[[ DATASET CONTENT, beginning ]]

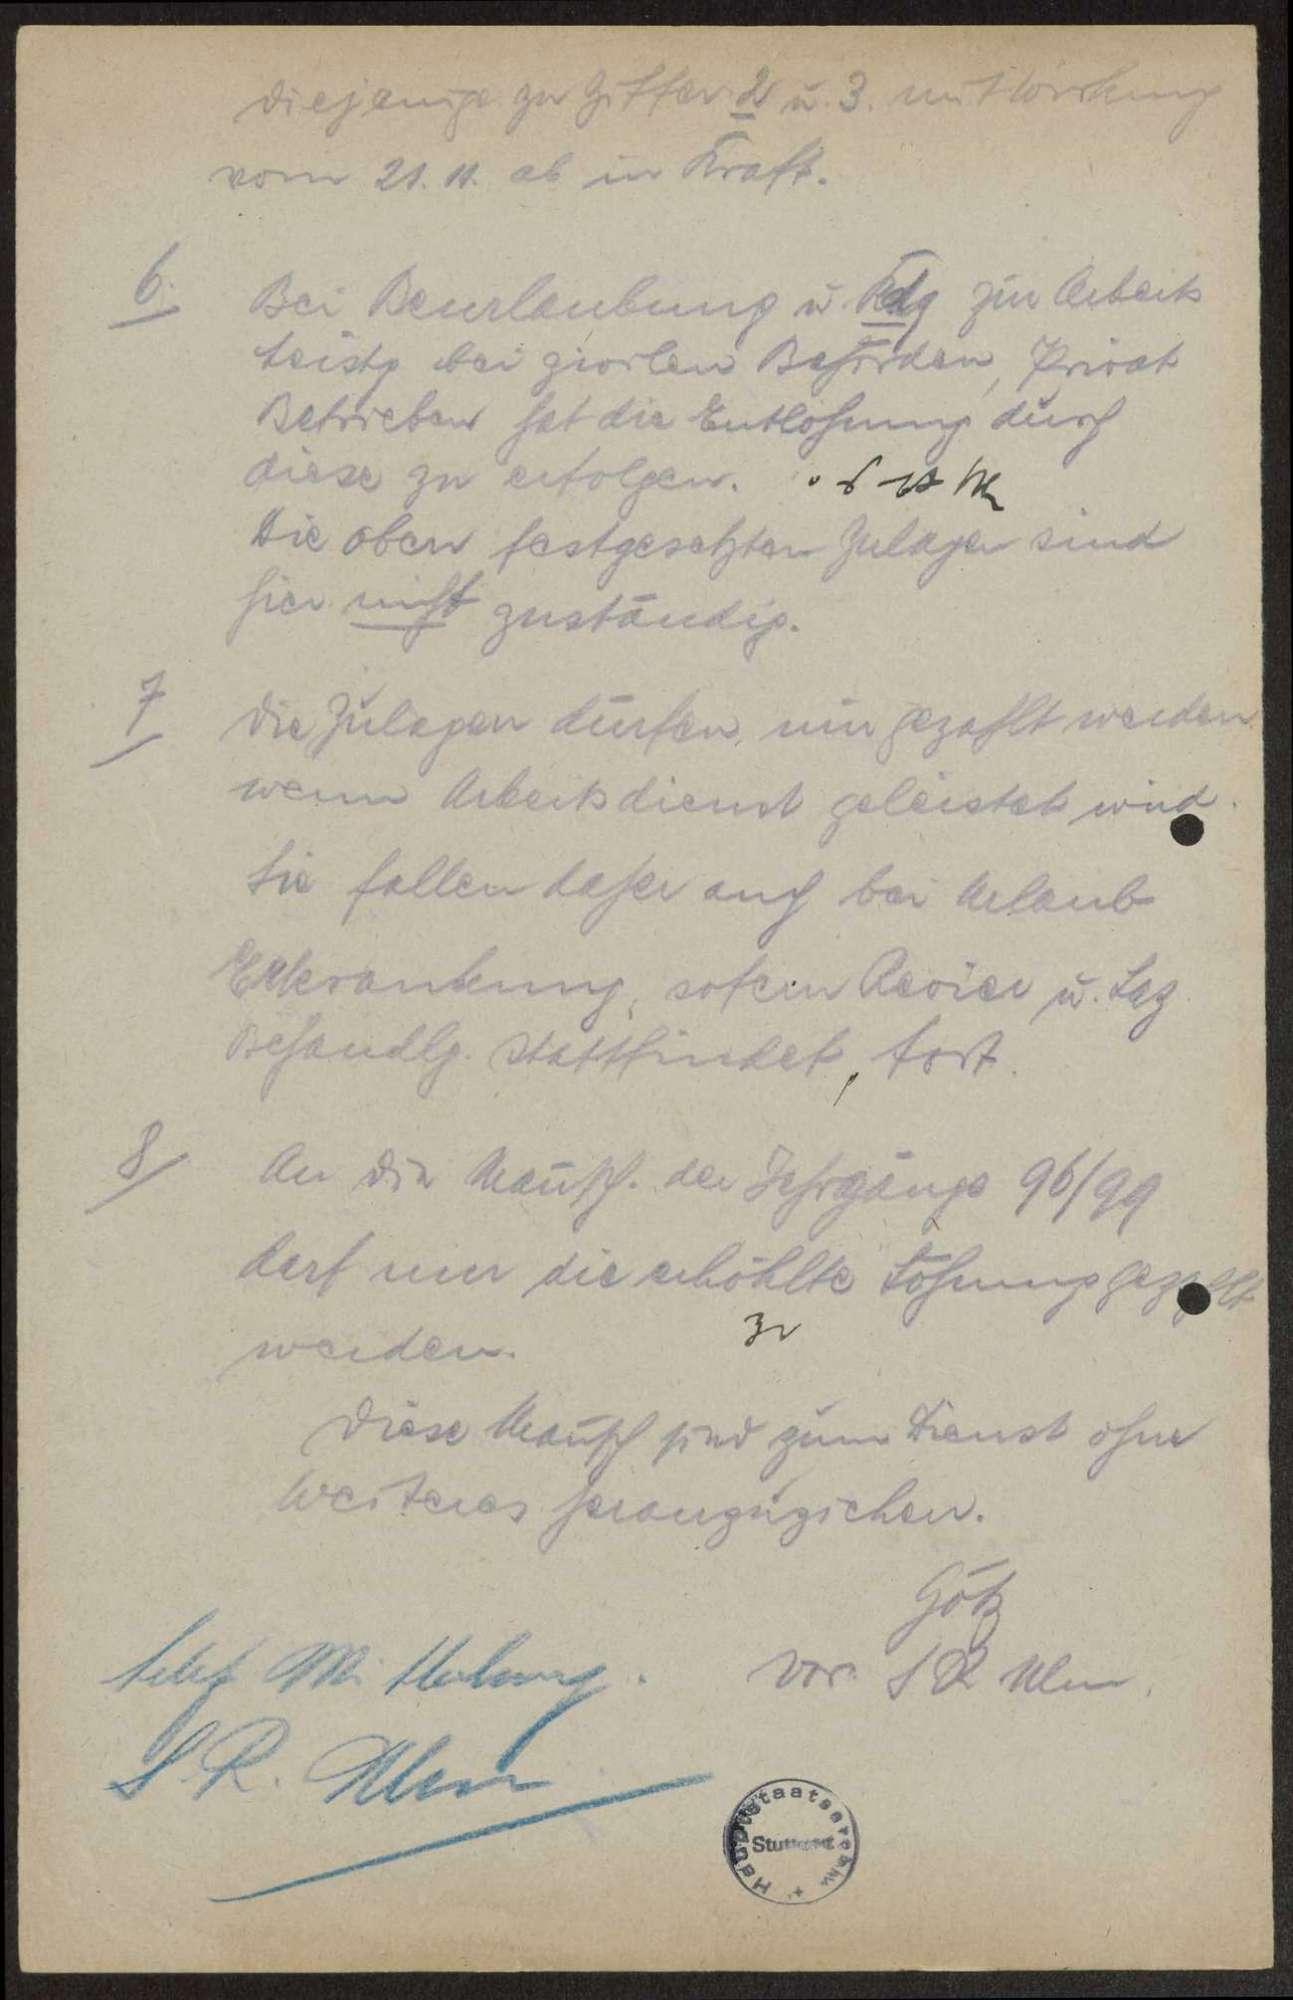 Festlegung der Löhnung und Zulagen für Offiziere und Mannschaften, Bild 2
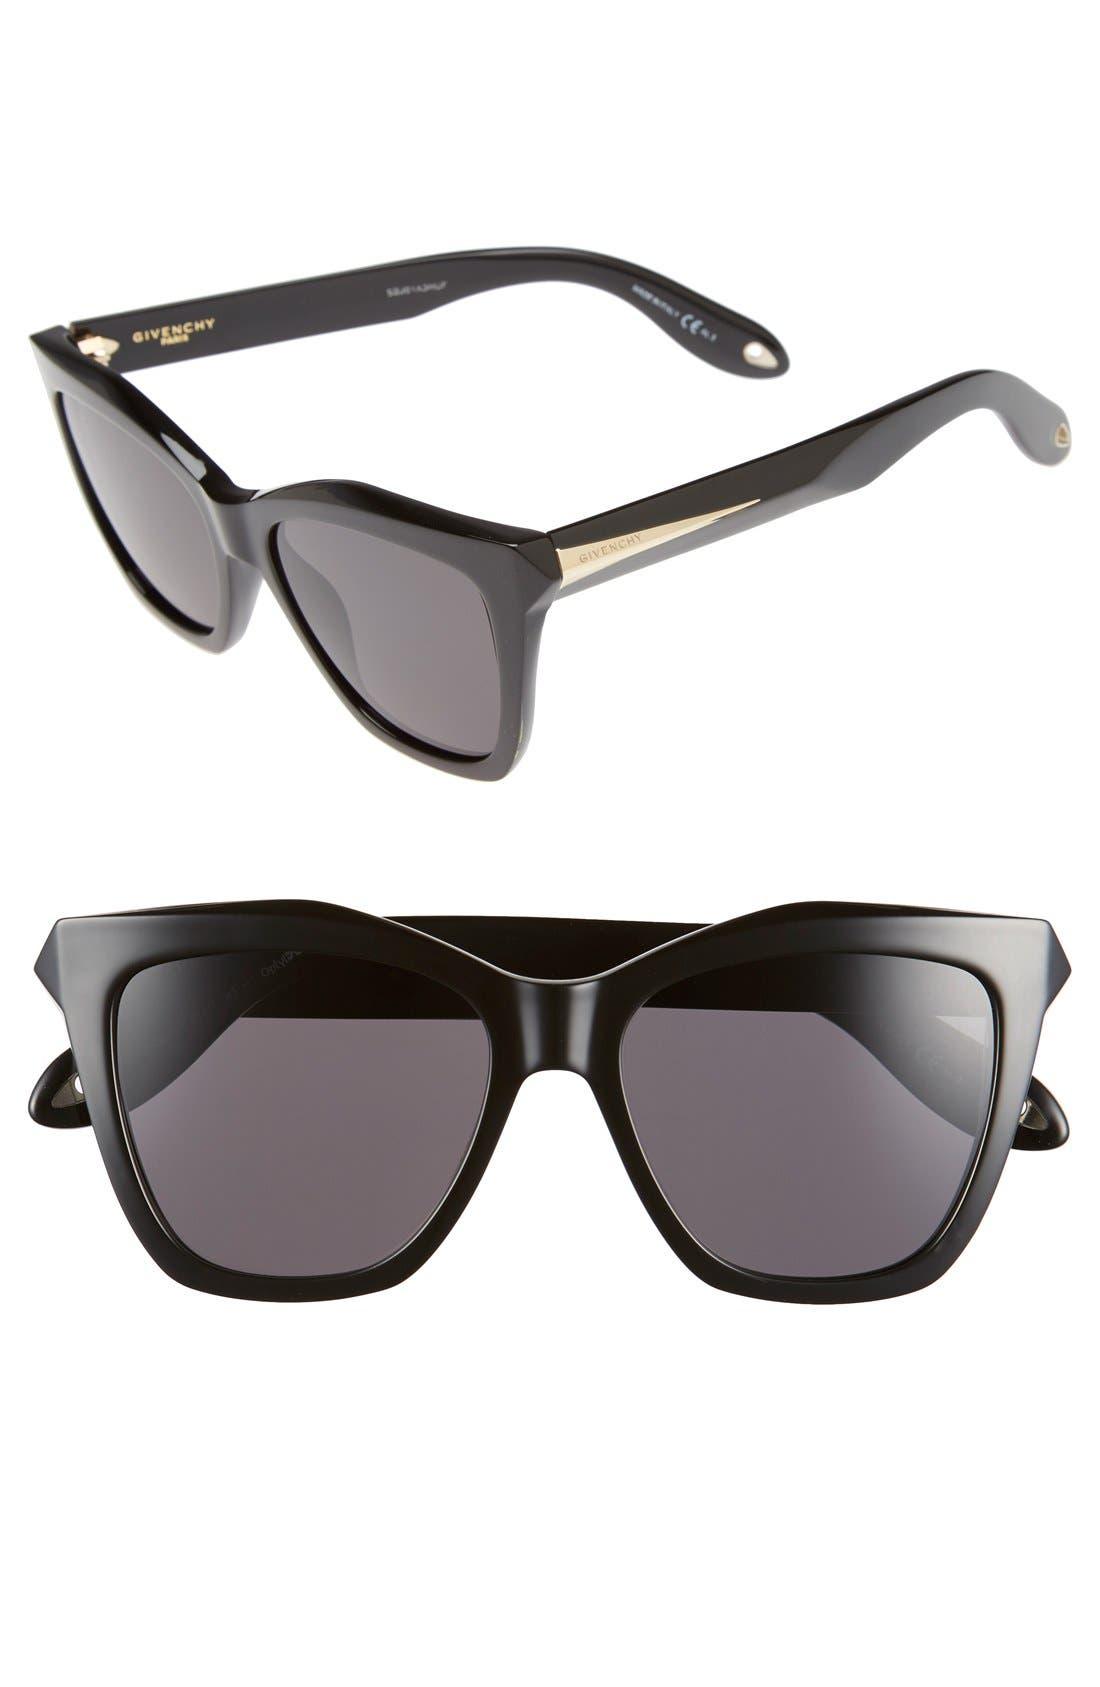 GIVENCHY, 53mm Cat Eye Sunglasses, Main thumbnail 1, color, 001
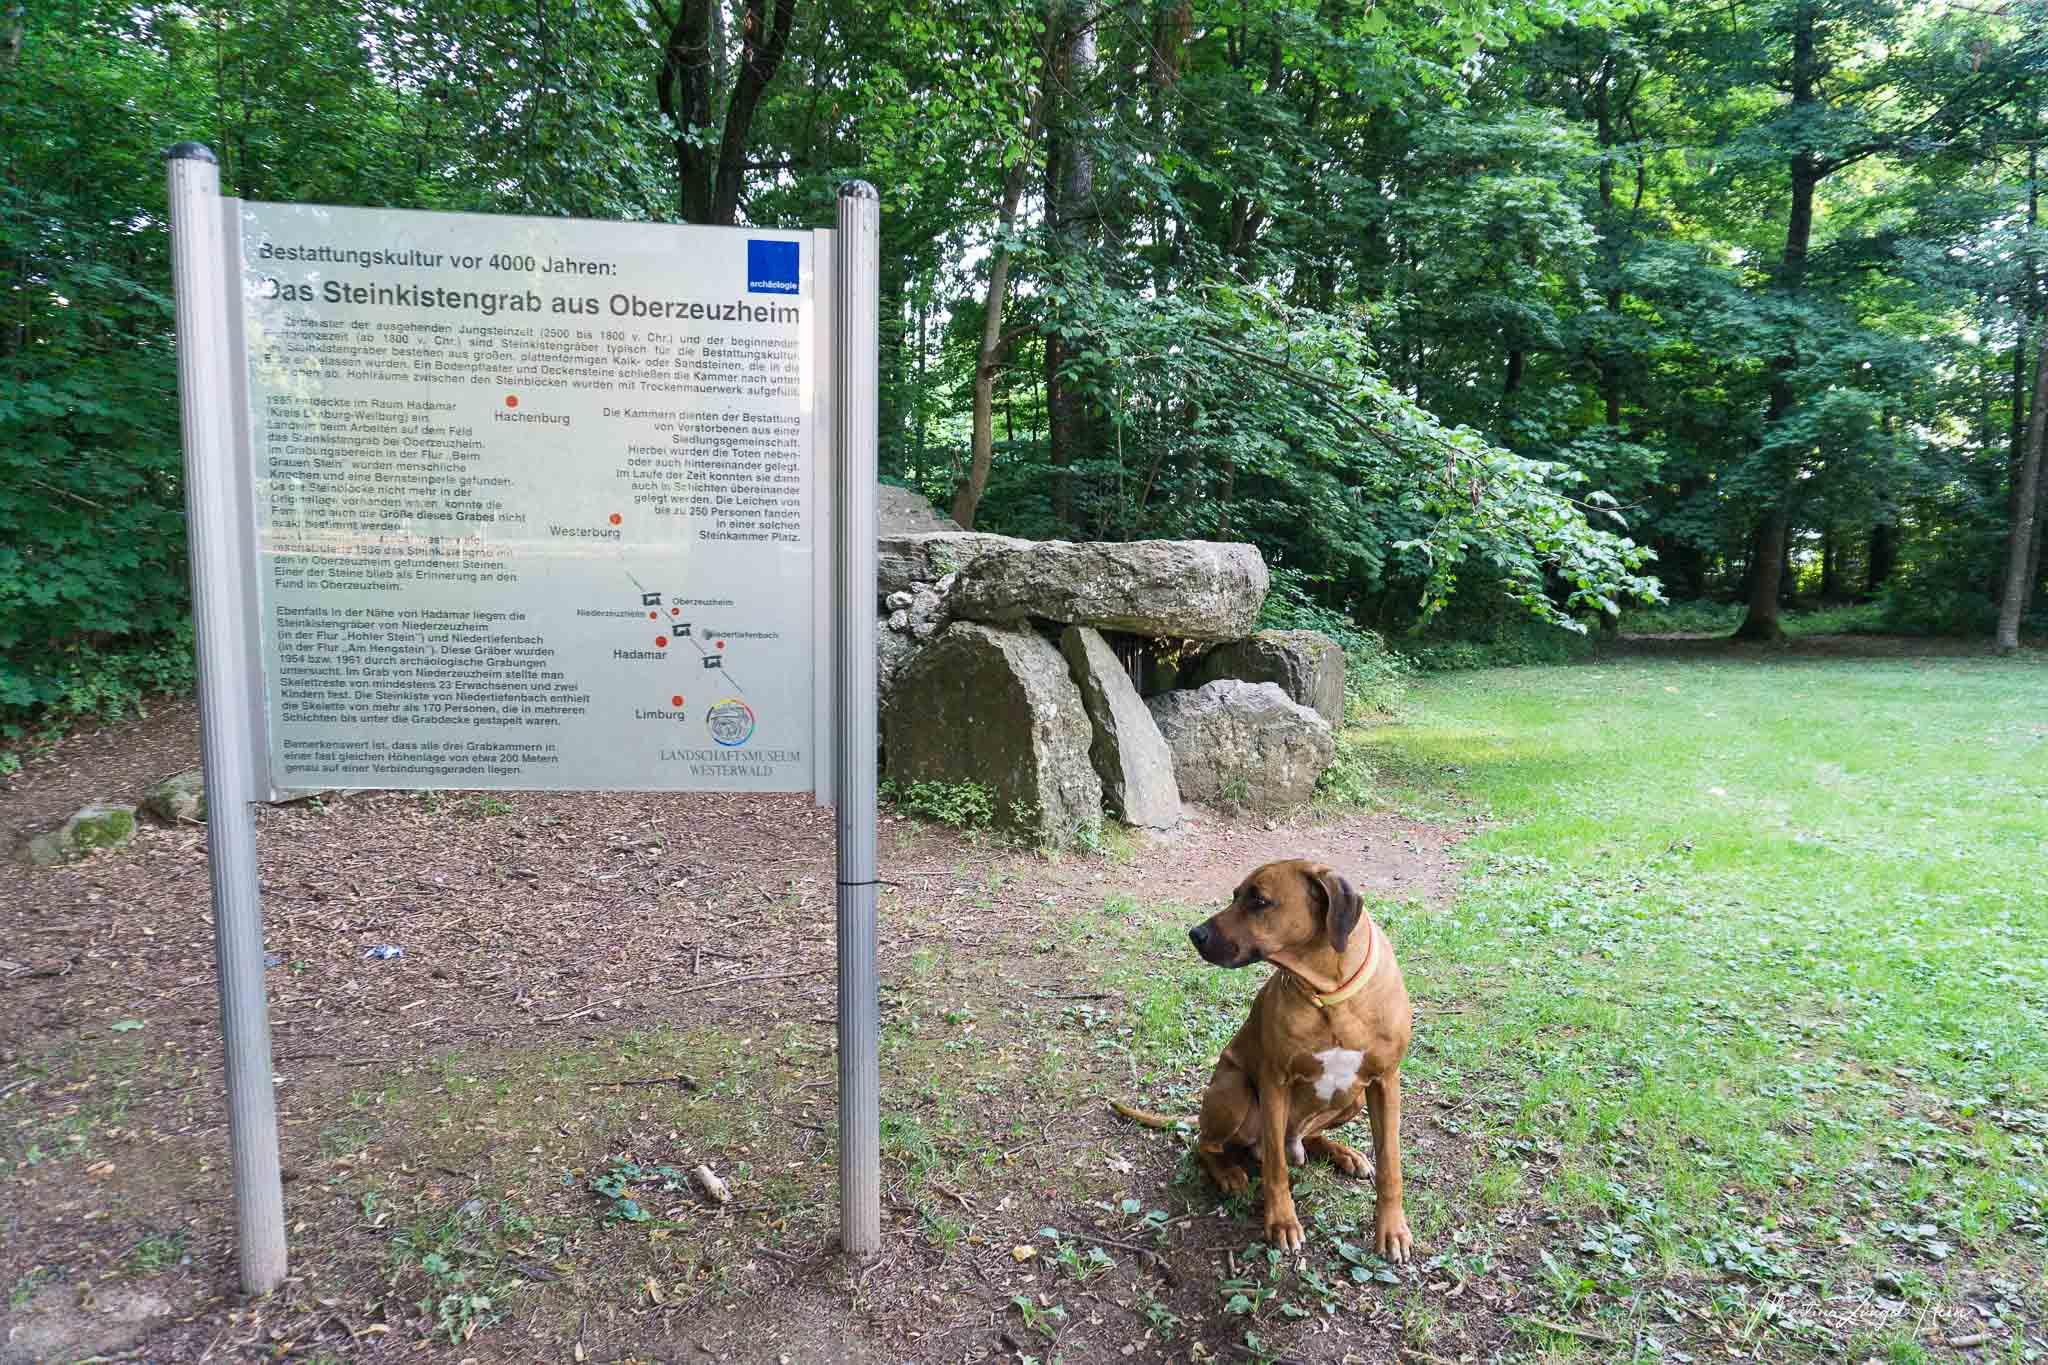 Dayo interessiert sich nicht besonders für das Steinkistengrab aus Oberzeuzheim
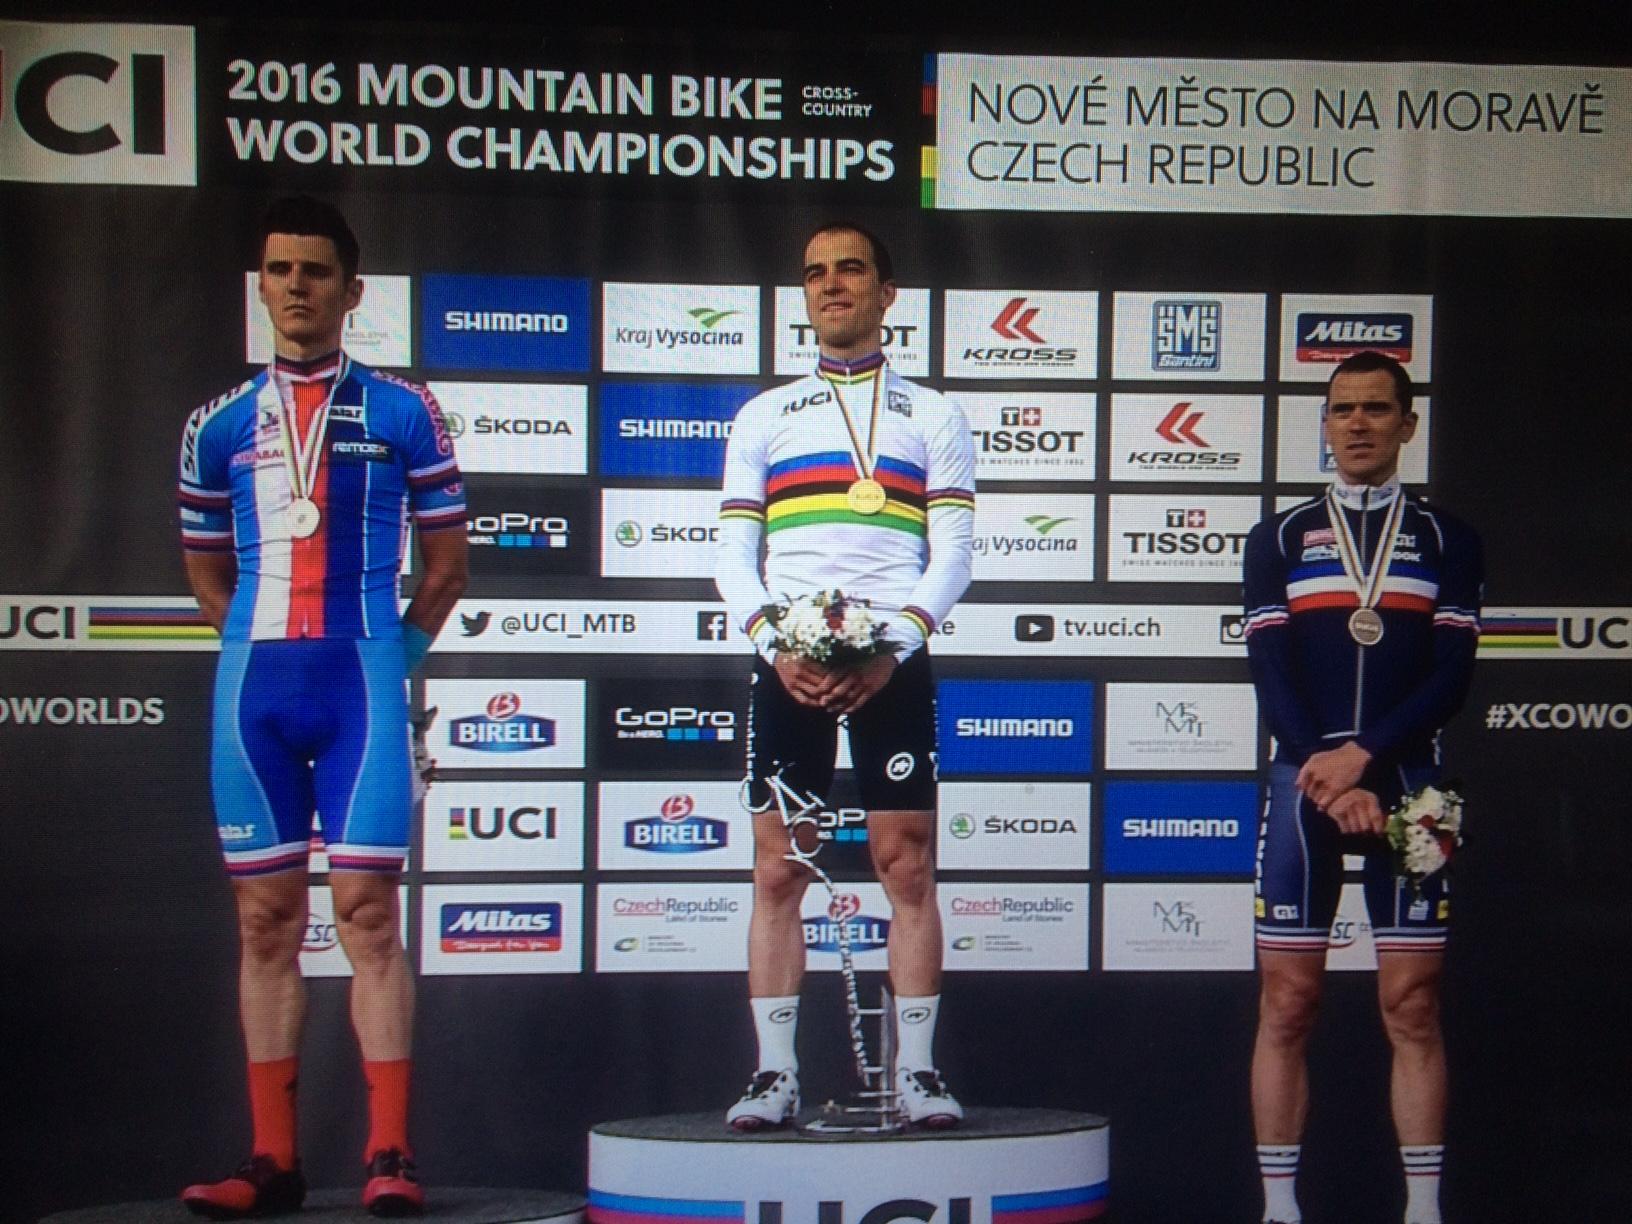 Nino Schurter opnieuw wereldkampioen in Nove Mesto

[[ DATASET CONTENT, end ]]

=== PROBLEM TO WORK ON ===
Reproduce exactly, and only, the lines that begin at the one containing "Dayo interessiert sich" and end with the final line of the data, both included, while omitting every picture.

=== OUTPUT OF THE TASK ===
 Dayo interessiert sich nicht besonders für das Steinkistengrab aus Oberzeuzheim
 Nino Schurter opnieuw wereldkampioen in Nove Mesto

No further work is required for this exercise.